Create instrumentation setup:
from opentelemetry import trace, metrics
from opentelemetry.sdk.trace import TracerProvider
from opentelemetry.sdk.metrics import MeterProvider
from opentelemetry.exporter.otlp.proto.http.trace_exporter import OTLPSpanExporter
from opentelemetry.exporter.otlp.proto.http.metric_exporter import OTLPMetricExporter
from opentelemetry.sdk.trace.export import BatchSpanProcessor
from opentelemetry.instrumentation.flask import FlaskInstrumentor
from opentelemetry.instrumentation.requests import RequestsInstrumentor
## Configure tracing
trace.set_tracer_provider(TracerProvider())
tracer = trace.get_tracer(__name__)
otlp_exporter = OTLPSpanExporter(
endpoint="http://otel-collector:4318/v1/traces"
)
span_processor = BatchSpanProcessor(otlp_exporter)
trace.get_tracer_provider().add_span_processor(span_processor)
## Configure metrics
metrics.set_meter_provider(MeterProvider())
meter = metrics.get_meter(__name__)
## Instrument Flask and requests
FlaskInstrumentor().instrument()
RequestsInstrumentor().instrument()
Custom Metrics and Traces
Adding Business Metrics
Java example with custom metrics:
@RestController
public class OrderController {
private final Counter orderCounter;
private final Timer orderProcessingTime;
public OrderController(MeterRegistry meterRegistry) {
this.orderCounter = Counter.builder("orders.created")
.description("Number of orders created")
.tag("service", "order-service")
.register(meterRegistry);
this.orderProcessingTime = Timer.builder("order.processing.time")
.description("Time taken to process orders")
.register(meterRegistry);
}
@PostMapping("/orders")
public ResponseEntity<Order> createOrder(@RequestBody Order order) {
return orderProcessingTime.recordCallable(() -> {
Order savedOrder = orderService.save(order);
orderCounter.increment();
return ResponseEntity.ok(savedOrder);
});
}
}
Adding Custom Spans
@Service
public class PaymentService {
private final Tracer tracer;
public PaymentService() {
this.tracer = GlobalOpenTelemetry.getTracer("payment-service");
}
public PaymentResult processPayment(PaymentRequest request) {
Span span = tracer.spanBuilder("payment.process")
.setAttribute("payment.amount", request.getAmount())
.setAttribute("payment.currency", request.getCurrency())
.startSpan();
try (Scope scope = span.makeCurrent()) {
// Payment processing logic
PaymentResult result = doPaymentProcessing(request);
span.setStatus(StatusCode.OK);
span.setAttribute("payment.result", result.getStatus());
return result;
} catch (Exception e) {
span.recordException(e);
span.setStatus(StatusCode.ERROR, "Payment processing failed");
throw e;
} finally {
span.end();
}
}
}
Environment Configuration
Docker Environment Variables
services:
user-service:
environment:
- OTEL_EXPORTER_OTLP_ENDPOINT=http://otel-collector:4318
- OTEL_SERVICE_NAME=user-service
- OTEL_SERVICE_VERSION=1.0.0
- OTEL_RESOURCE_ATTRIBUTES=service.name=user-service,service.version=1.0.0
order-service:
environment:
- OTEL_EXPORTER_OTLP_ENDPOINT=http://otel-collector:4318
- OTEL_SERVICE_NAME=order-service
- OTEL_SERVICE_VERSION=1.0.0
Kubernetes ConfigMap
apiVersion: v1
kind: ConfigMap
metadata:
name: otel-config
data:
OTEL_EXPORTER_OTLP_ENDPOINT: "http://otel-collector:4318"
OTEL_SERVICE_VERSION: "1.0.0"
OTEL_RESOURCE_ATTRIBUTES: "cluster=production,environment=prod"
Auto-instrumentation reality check:
- Java Spring Boot starter works but tacks on 200ms to startup.
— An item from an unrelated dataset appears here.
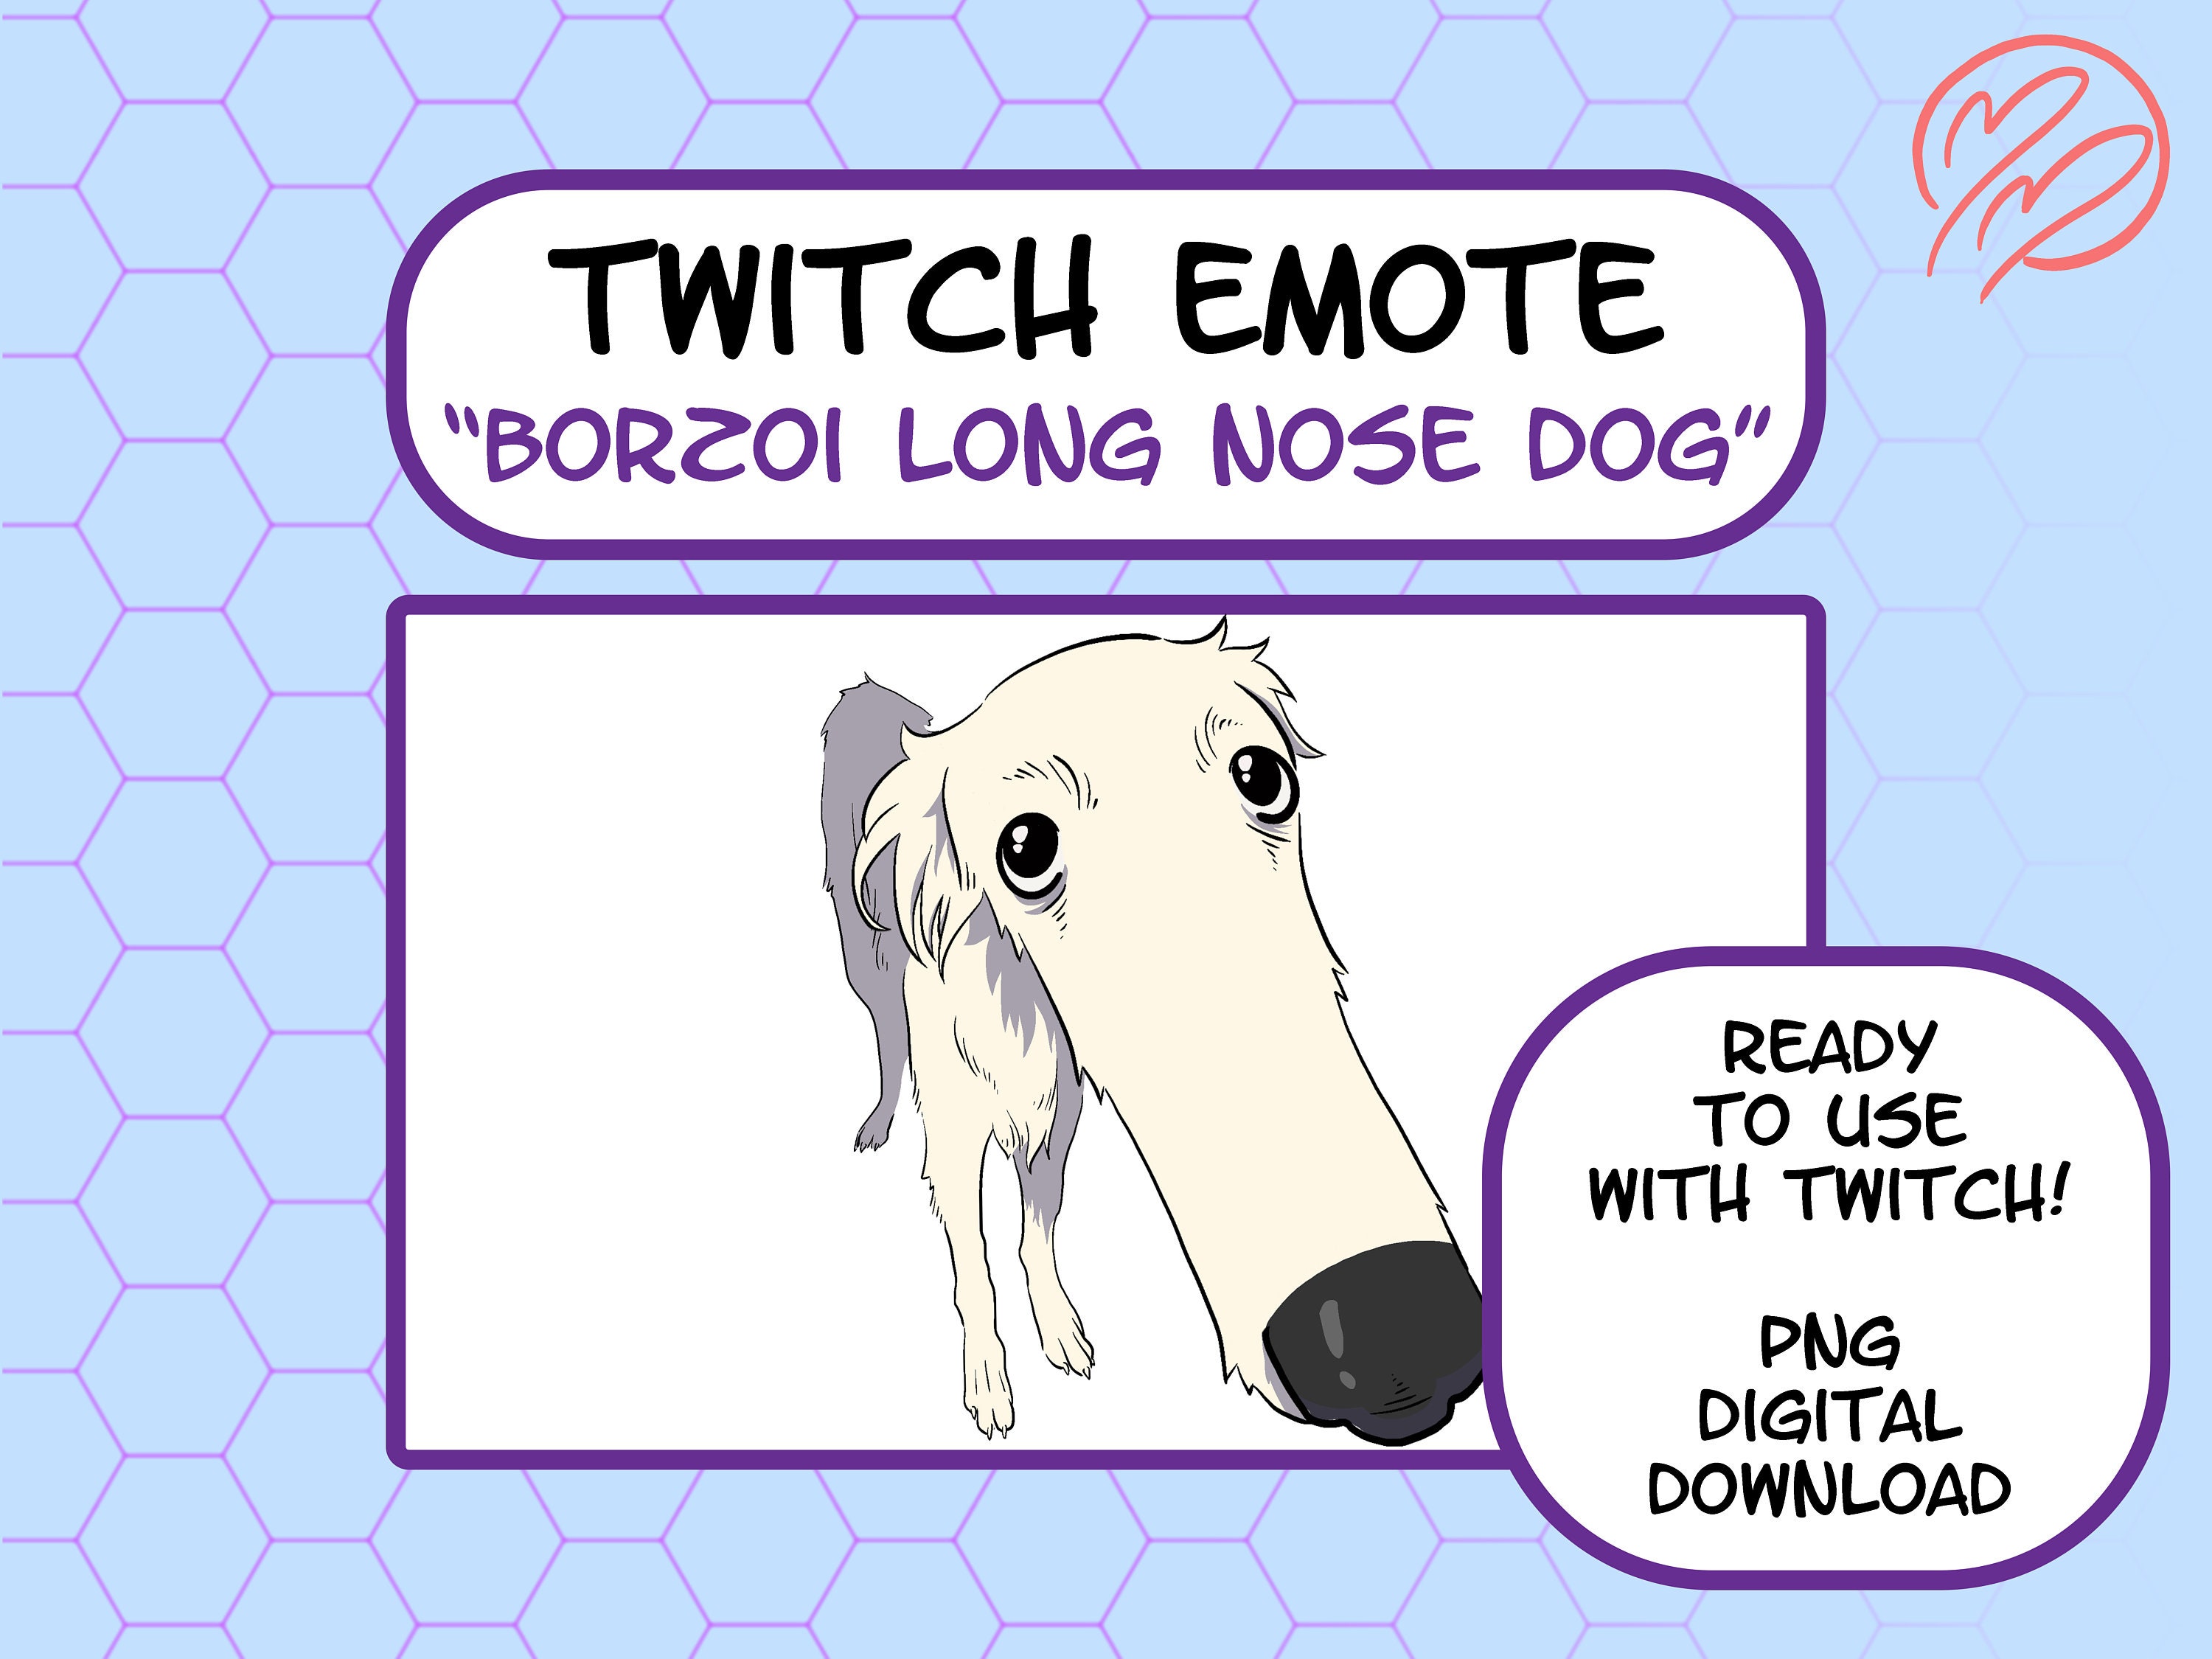 Borzoi Long Nose Dog Meme Twitch Emote, Discord Emote, Emote, Art ...
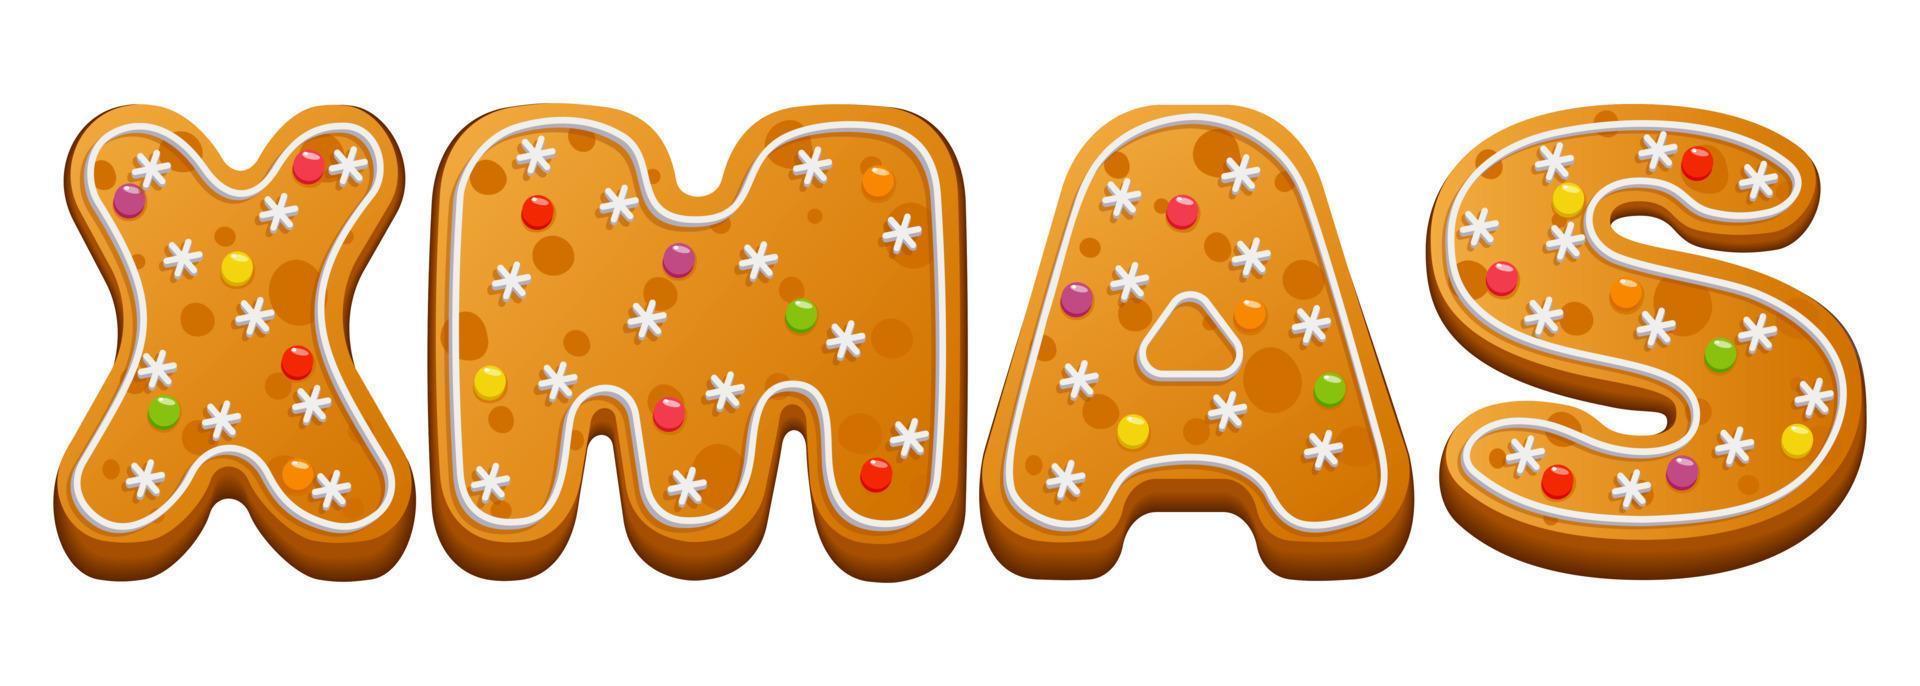 weihnachtslebkuchenplätzchen. Postkarte, Banner mit der Aufschrift Weihnachten aus Winterlebkuchen mit Zuckerguss und Marmelade. Vektor-Illustration. vektor

Still worth it for not manually instrumenting everything.
- Node.js auto-instrumentation grabs most HTTP calls but murders hot reload (cost me 4 hours of debugging)
- Python Flask instrumentation is fine until you need custom spans or async views, then you're on your own
- All of them vomit massive amounts of data in prod - set sampling rates or watch your AWS bill go insane (we generated crazy amounts of trace data - had to be 50TB or more the first month)
Production tips I wish someone told me earlier:
- Use environment variables for config - hard-coding collector URLs is some junior-level bullshit
- Set OTEL_SERVICE_NAME or all your traces show up as "unknown_service" and you'll want to delete everything
- Set sampling rates or go bankrupt (1% for busy apps, 100% only for dev - bills jumped to like 3K or something before I figured this out)
- Watch instrumentation overhead - this shit adds 50-100ms to every request (yes, monitoring makes your app slower)
Key references: OpenTelemetry Java SDK for implementation, sampling strategies to avoid bankruptcy, Baeldung's Spring Boot setup guide, the Aspecto troubleshooting checklist, and SigNoz instrumentation guide for production examples.